LEWISTON — The City Council adopted a citywide equity statement Tuesday after debating a section that references immigration status.

The statement, developed over a period of months by a local coalition known as City Spirit L/A, along with human rights nonprofit Mindbridge, commits the city to addressing inequity and building a community “where people of all cultures and identities can thrive.”

Despite a groundswell of support for the overall effort and the message it sends, the adoption in Lewiston was delayed last month after a councilor said the statement should receive a legal review.
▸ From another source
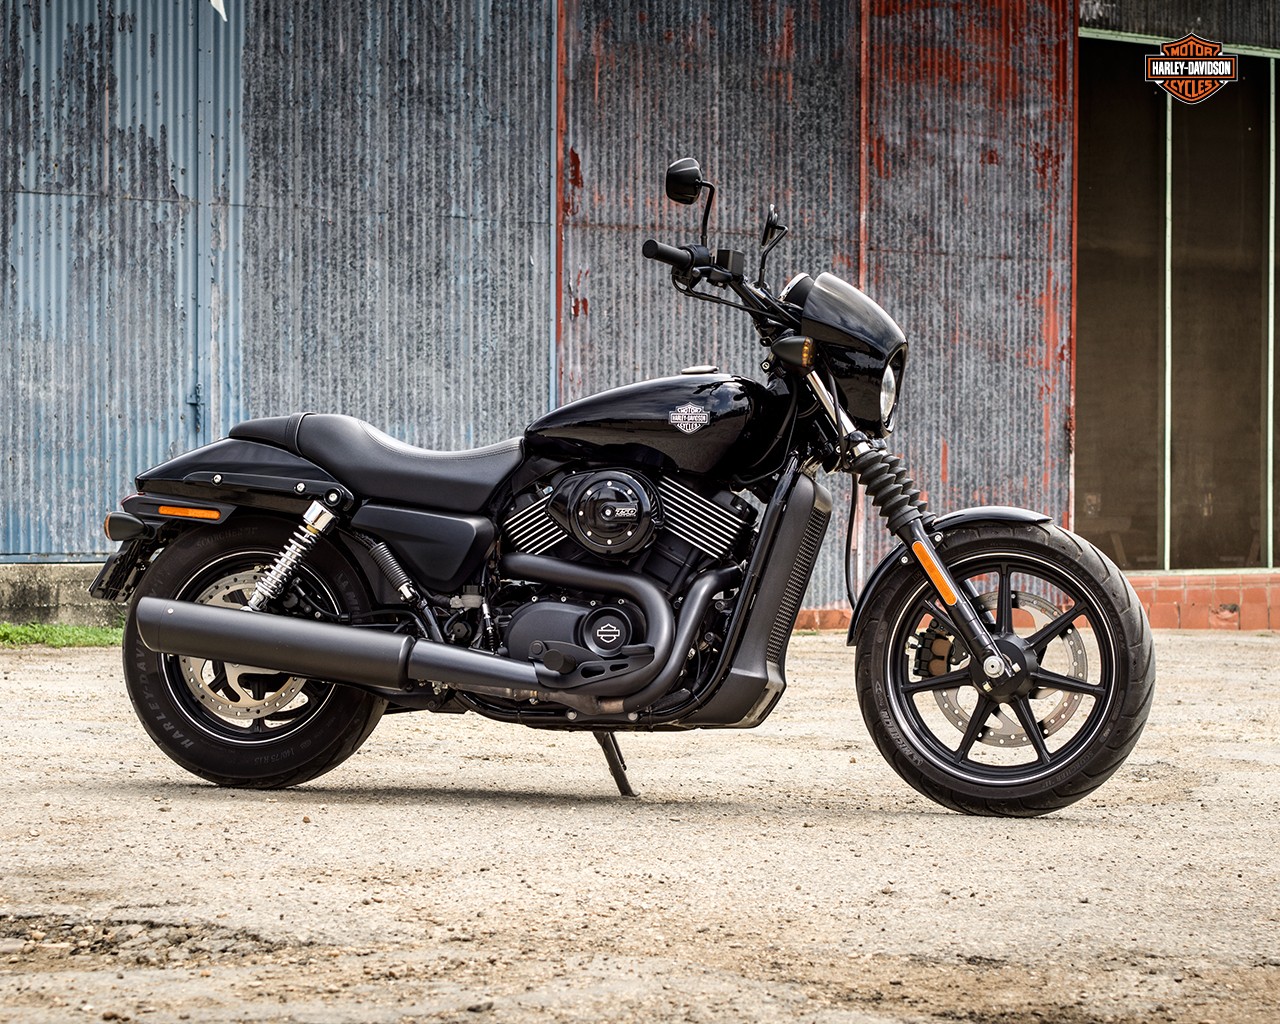 Harley Davidson Softail Buyback Offer 100 Money Back On Street 750 Amp Street Rod

A debate swirled again Tuesday regarding a section of the statement that references immigration status, which Councilor Lee Clement has argued could be interpreted that Lewiston condones illegal immigration.
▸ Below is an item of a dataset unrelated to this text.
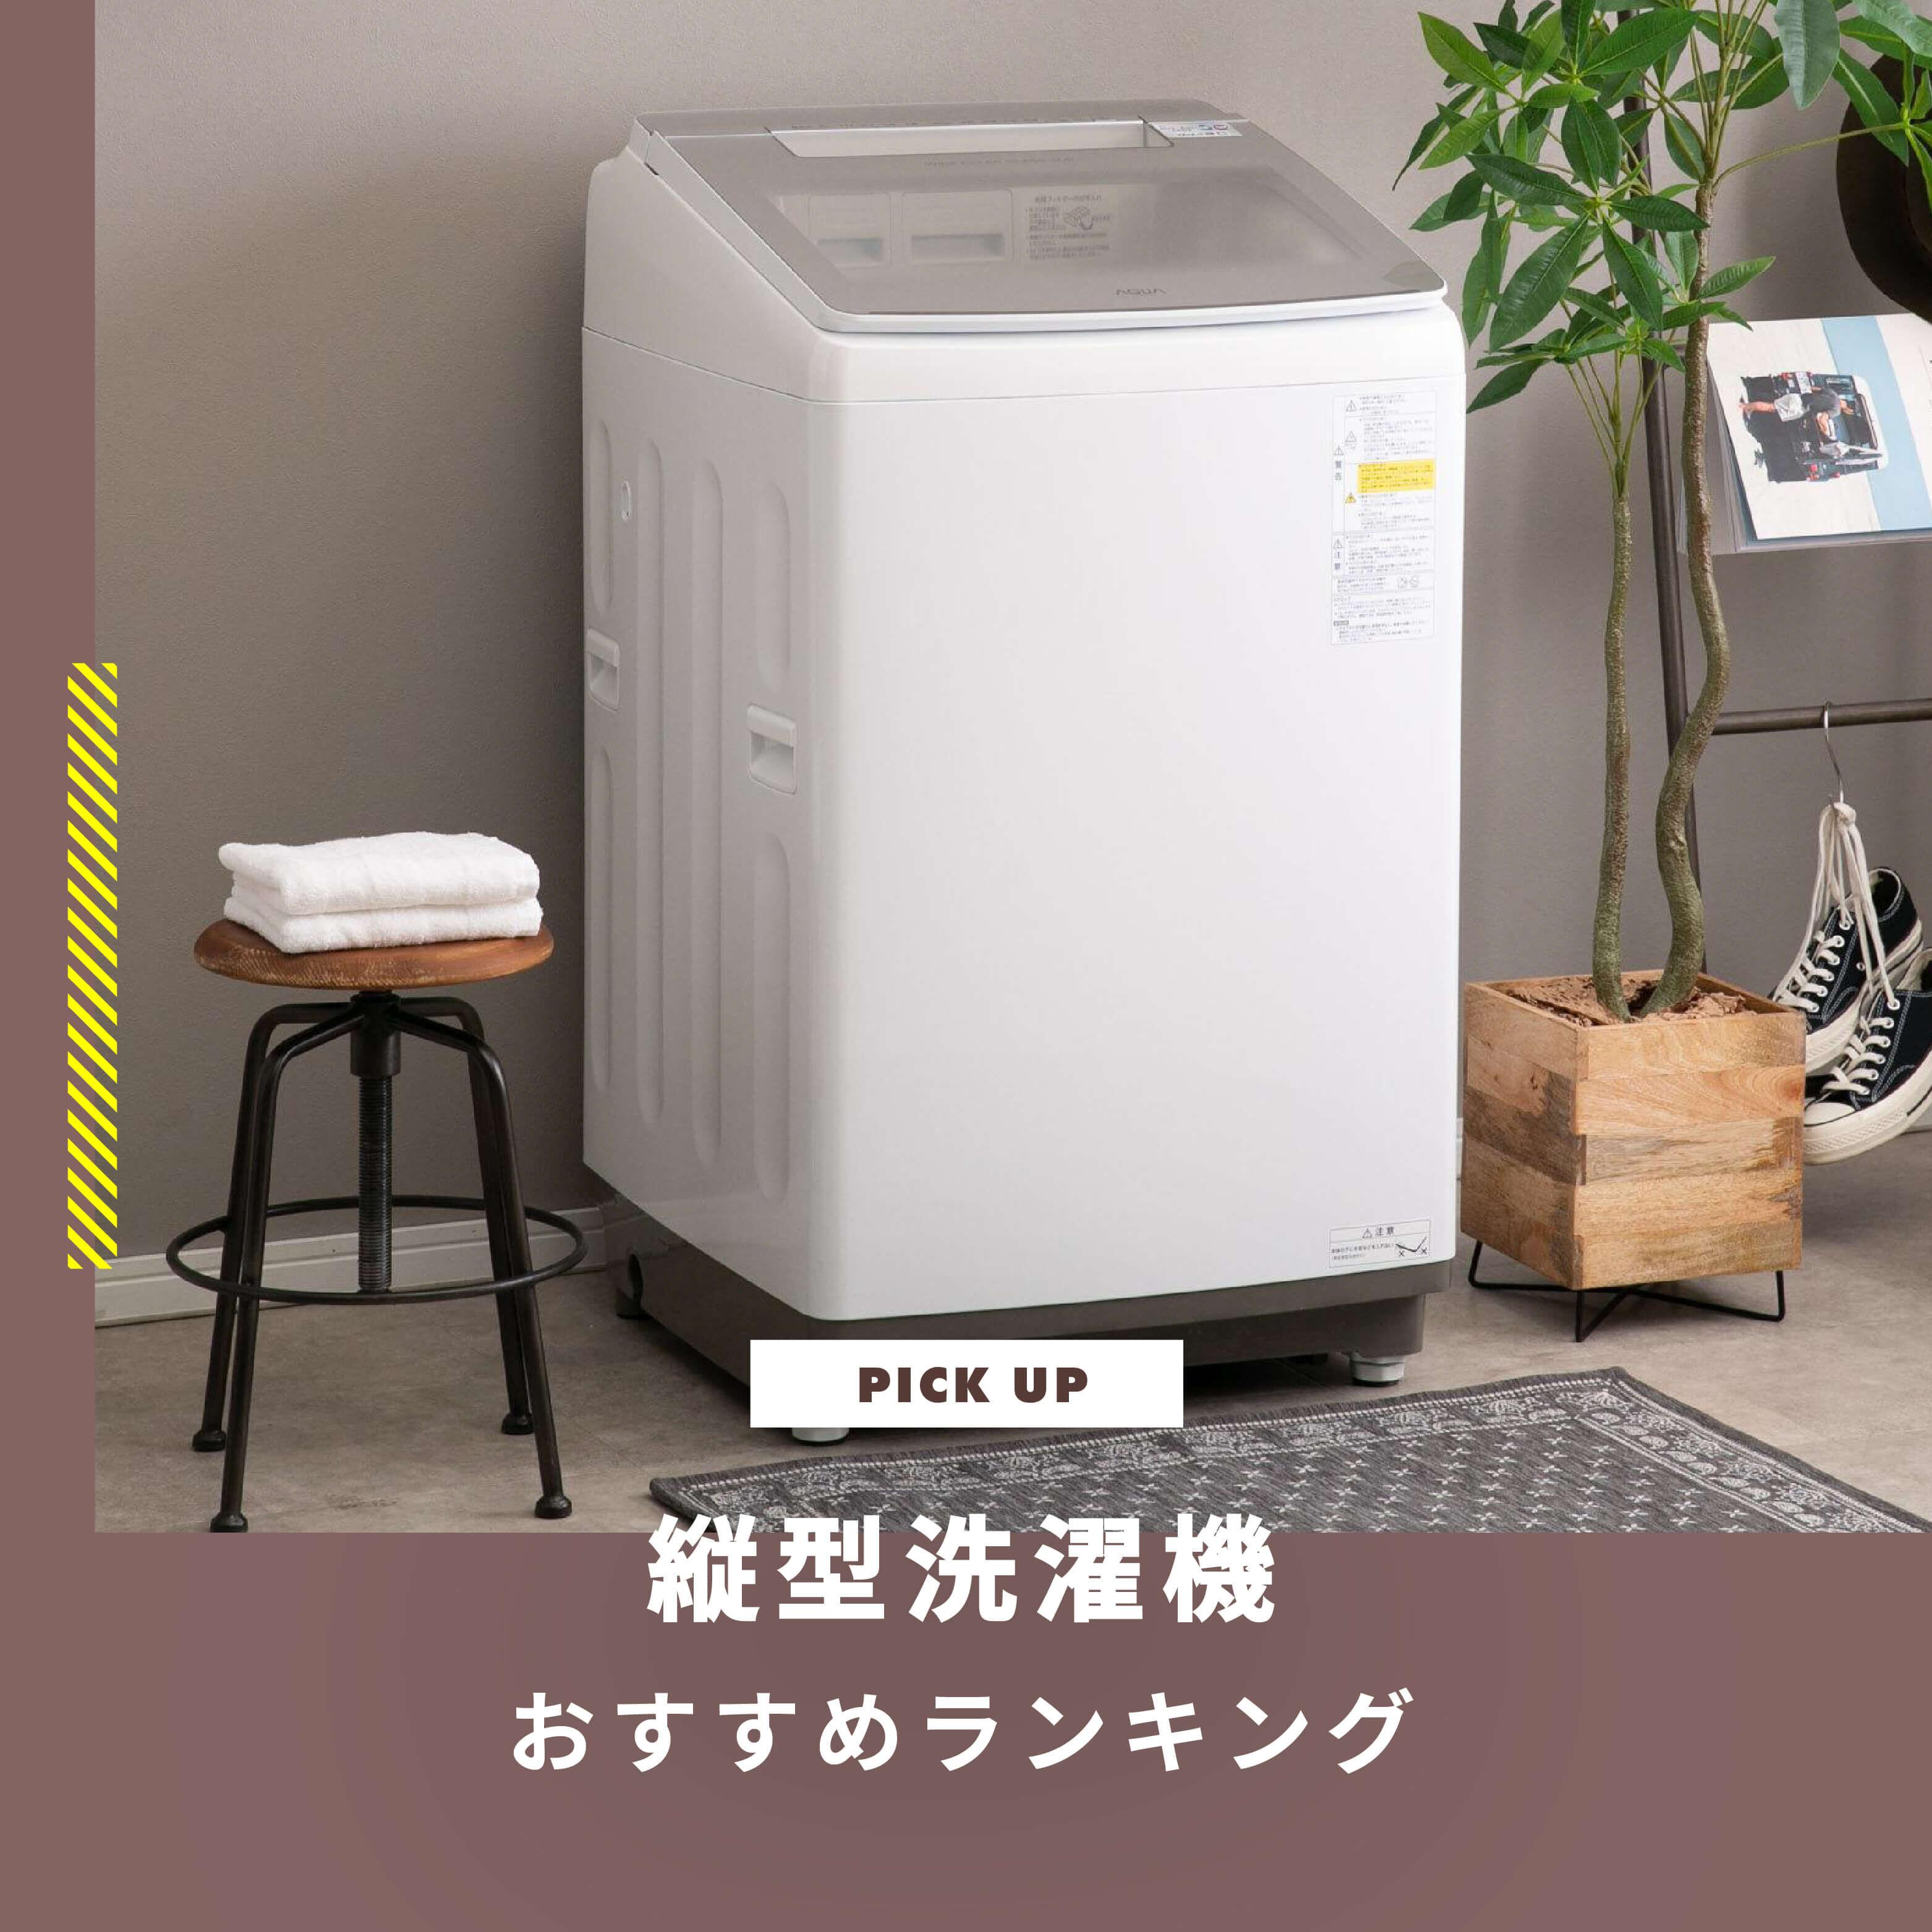 maxzen 6.0kg 洗濯機 おしゃれデザイン【地域限定配送無料】

The section reads, “Here the City endeavors to create an environment where everyone is treated fairly, respectfully, and embraced, regardless of their race, ethnicity, religion, national origin, gender identity, marital or familial status, immigration status, sexual orientation, age, economic status, disability, or other individual identities expressed and experienced.”

Following a legal review, councilors were briefed directly by city legal counsel, but did not agree Tuesday on the direction they received.
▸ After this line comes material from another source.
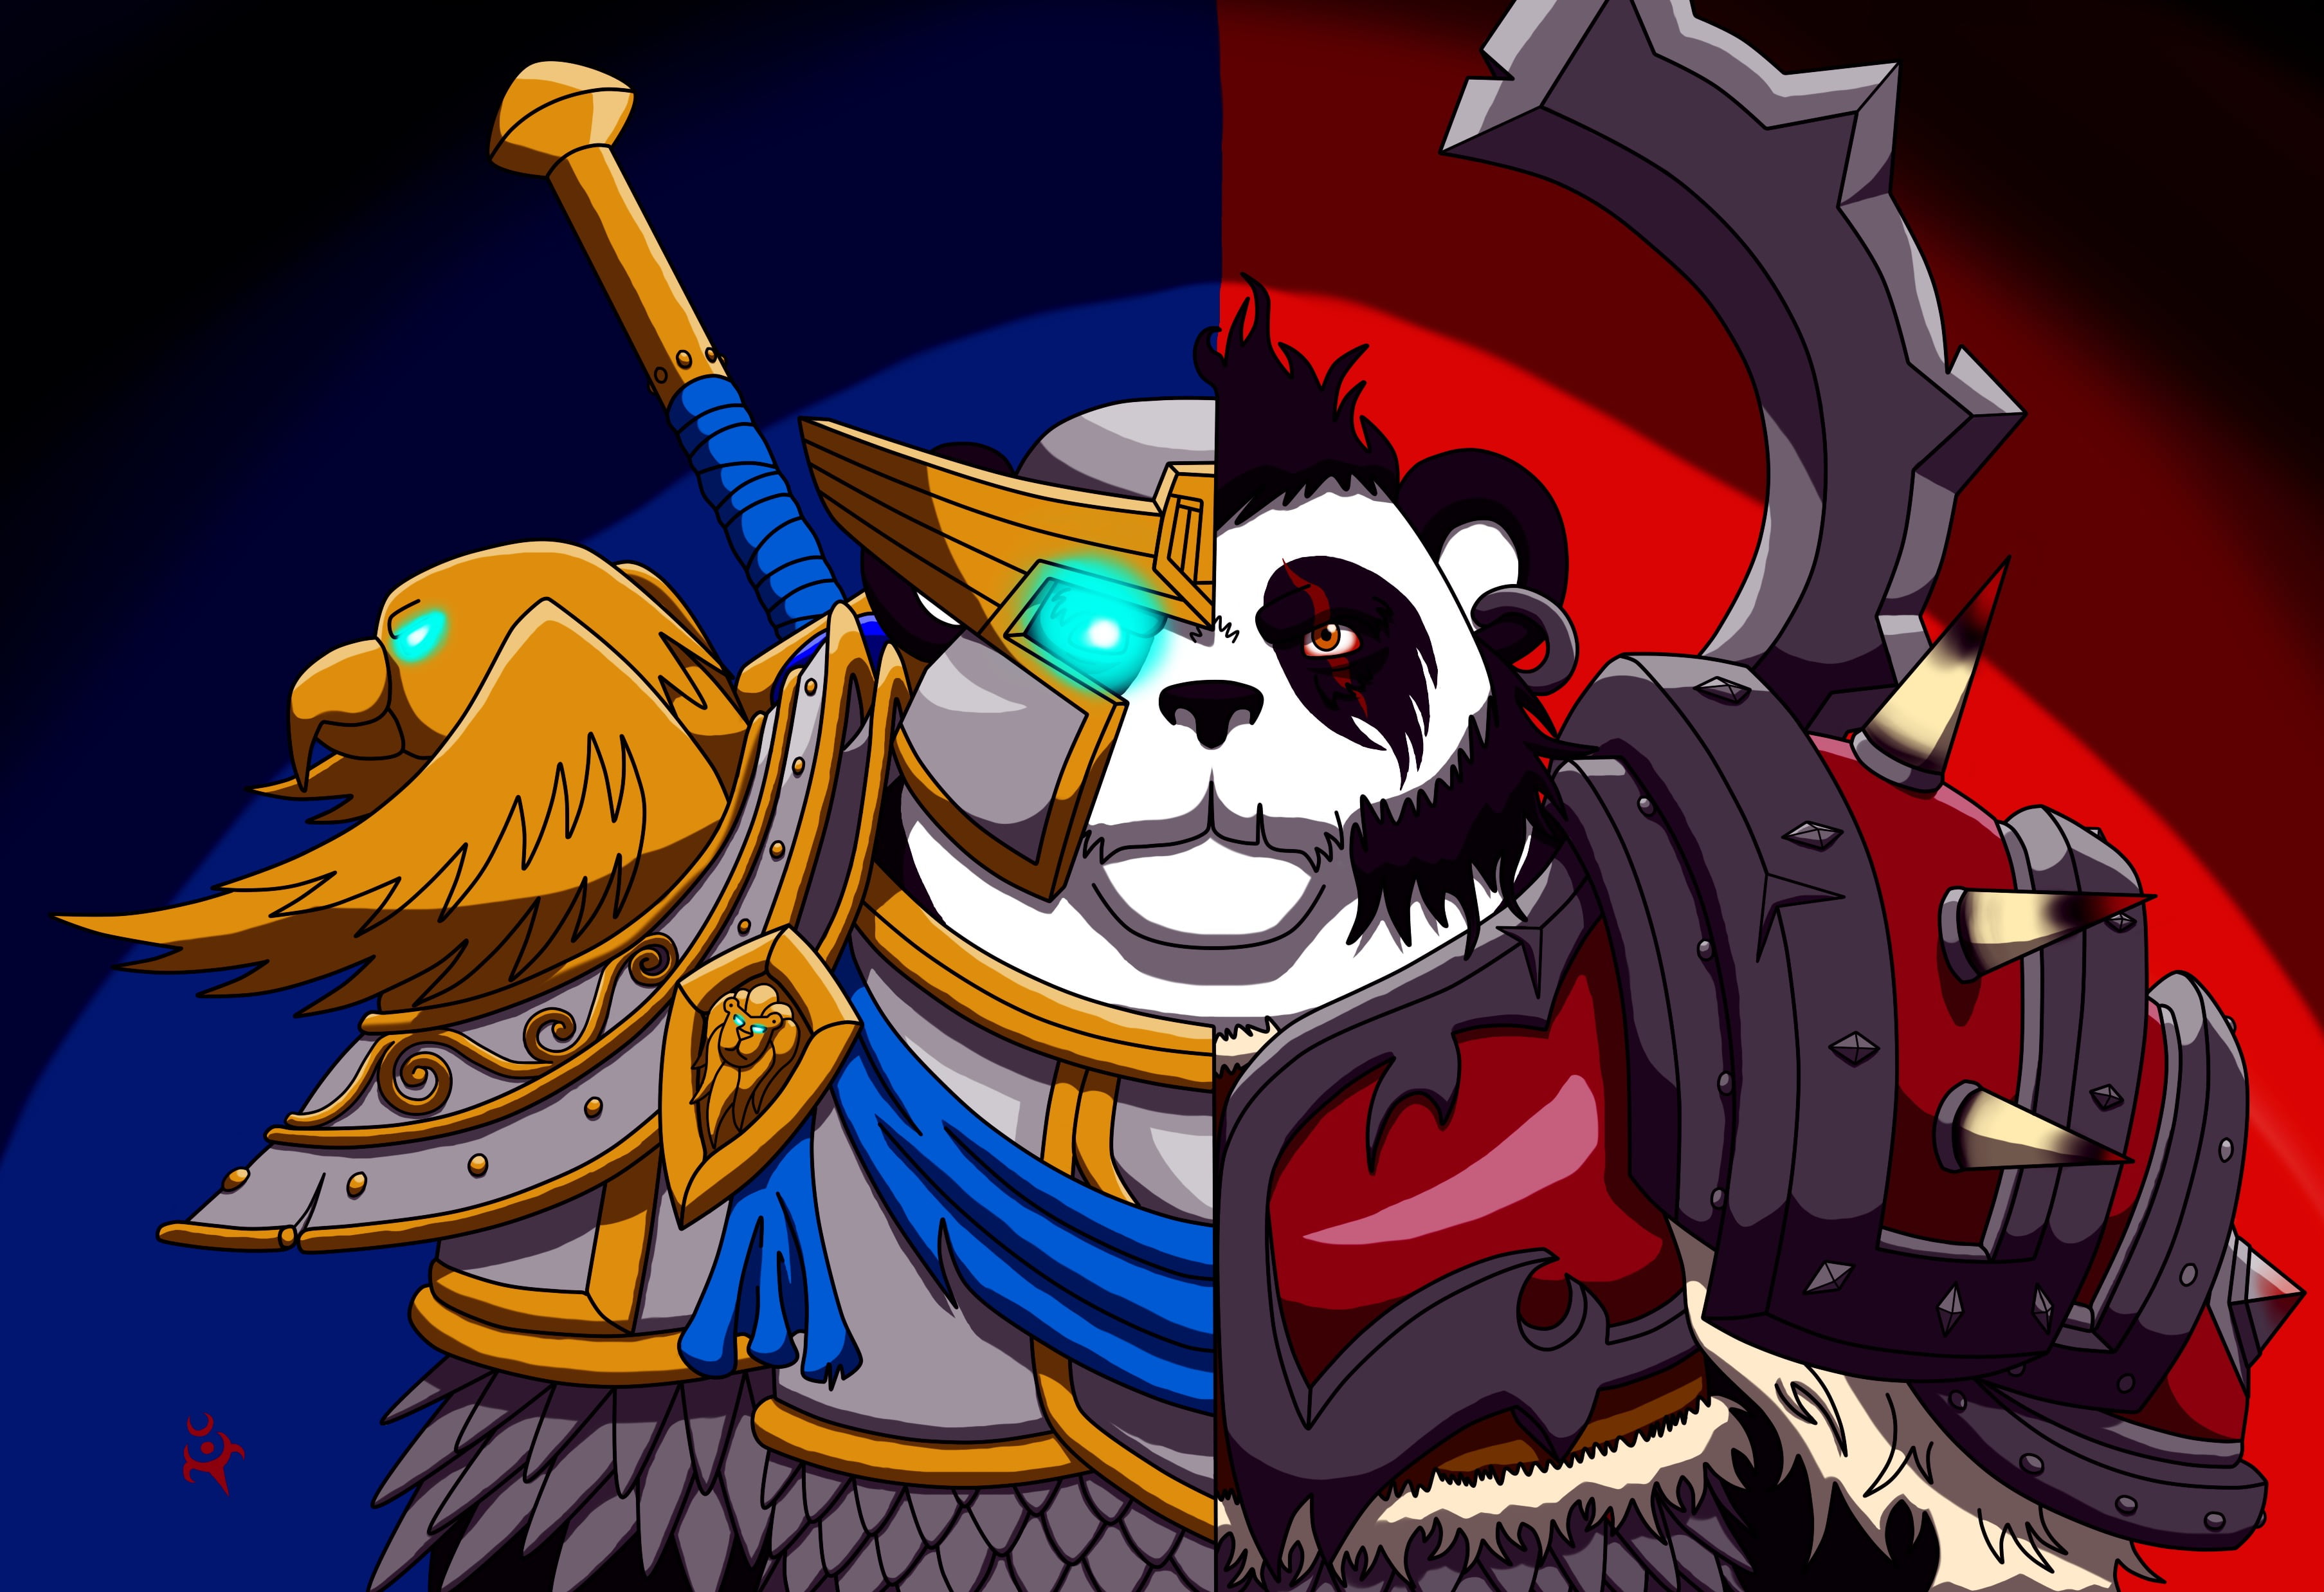 warrior panda digital wallpaper, world of warcraft, wow, alliance and horde

Clement offered an amendment that would have added the clause “in keeping with federal and state law,” but the amendment failed 5-2.


Several councilors said the addition was unnecessary, and that legal counsel assured officials that additional language was not needed.

Councilor Luke Jensen said everything the city does follows federal and state laws, and that if the city added the language to this statement but not others, “how is that not racist?”

Jensen also argued that singling out one reference in a much broader document “kind of seems like we’re just hitting on a lightning rod in politics here.”

Clement made several comments relating to illegal immigration, and current conditions at the country’s southern border. He said several constituents have told him they don’t support the statement.

Councilor Safiya Khalid said using the term “illegal” to refer to people is “dehumanizing,” and that the discussion was clouding the goal of the statement.

“This community came together to write a simple statement to commit our city to equity,” she said. “What does that have to do with the southern border and the federal level. I hope we can stop embarrassing ourselves.”


During public comment, several people spoke in favor of the statement.

Fatuma Hussein, executive director of the Immigrant Resource Center of Maine, who worked to develop City Spirit L/A, said “Lewiston has come a long way,” since she was among the first Somali families to move to the city in 2001.

She said Lewiston has become a “symbol of hope,” but that “20 years later, to come back to where we started, it’s a bit taking us backwards,” referring to the debate.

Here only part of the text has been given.